How Greek Theosophists
Survived Nazi Occupation
 
 
K. Melissaropoulos
 
 
 
The Parthenon in Greece
 
 
 
0000000000000000000000000000000000000000000
 
Editorial Note:
 
History is the human record of
collective Karma. Any accurate vision of the
theosophical movement must include the story
of its survival during the critical years of the
Second World War; and Greece is no exception.
 
In October 1940, Italian fascist troops
invaded Greece from Albania. Greek armed forces
quickly defeated the fascists; but then the German Nazis
invaded the country and succeeded in dominating it. From
that moment on, Greek population increasingly resisted
the Nazis with guerrilla warfare. Nazi troops left Greece in
October 1944, but their occupation was followed by civil
war between Communists and Democrats. The “Communist
Rebellion” ended in February 1945. The following
testimony is dated March 20, 1945 and describes
the situation faced by theosophists during the
Nazi occupation in the first half of the 1940s. [1]
 
It was only in the first years of 21st century that a lodge
of the United Lodge of Theosophists (ULT) was created
in Athens. The present document was written by a
member of the Adyar Theosophical Society and published
in June 1945.[2]  While narrating his life in a Nazi
concentration camp, Mr. K. Melissaropoulos mentions
himself in the third person, singular. The short
letter is addressed to the recording secretary in the
international headquarters of the Adyar Society, in India.
 
(Carlos Cardoso Aveline)
 
00000000000000000000000000000000000000000000000000
 
 
 
It is with great joy that, after four years of enforced silence, we send you our brotherly greetings from our liberated country.
 
We wish to protest with all our power to the civilized world and to all honest and free people against the inhuman and barbarous way in which the Germans behaved in our country. Untold destruction has been caused; thousands of innocent men, women and children have been completely wiped out.
 
Since the invasion of our country by the Germans, all Theosophical activity has been suspended, because every gathering whatsoever was forbidden.  Fortunately, we were able to save most of the furniture of our office and almost the entire library of our Section.
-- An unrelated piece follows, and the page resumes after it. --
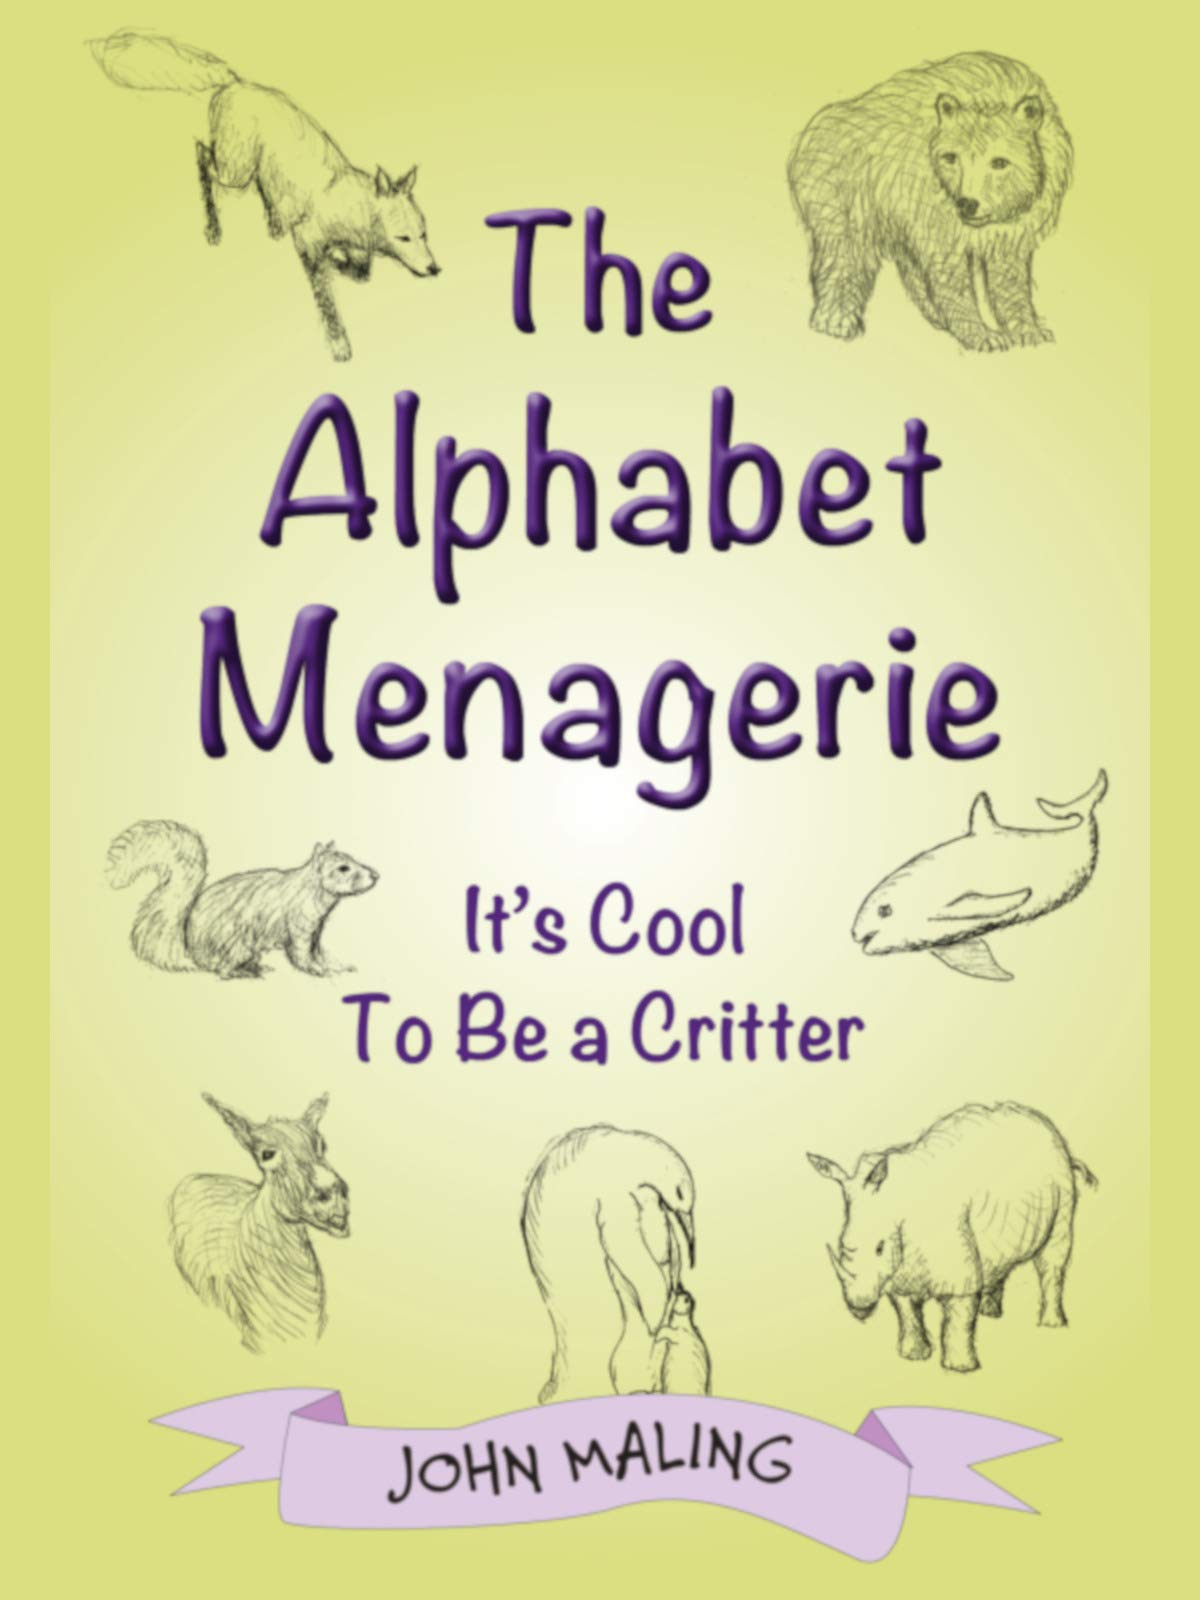 The Alphabet Menagerie

But every contact of our Council with the greatest part of our members was interrupted.
 
Two of the members of our Council, namely the ex-Joint General Secretary, P. Hadjipetros,  and the actual Joint General Secretary, K. Melissaropoulos, were arrested during the last months of the occupation and imprisoned in the Haidari concentration camp.  It was from this camp that the Germans picked an average of fifty persons to shoot every week for the purpose of terrorizing the Greeks who were fighting against them.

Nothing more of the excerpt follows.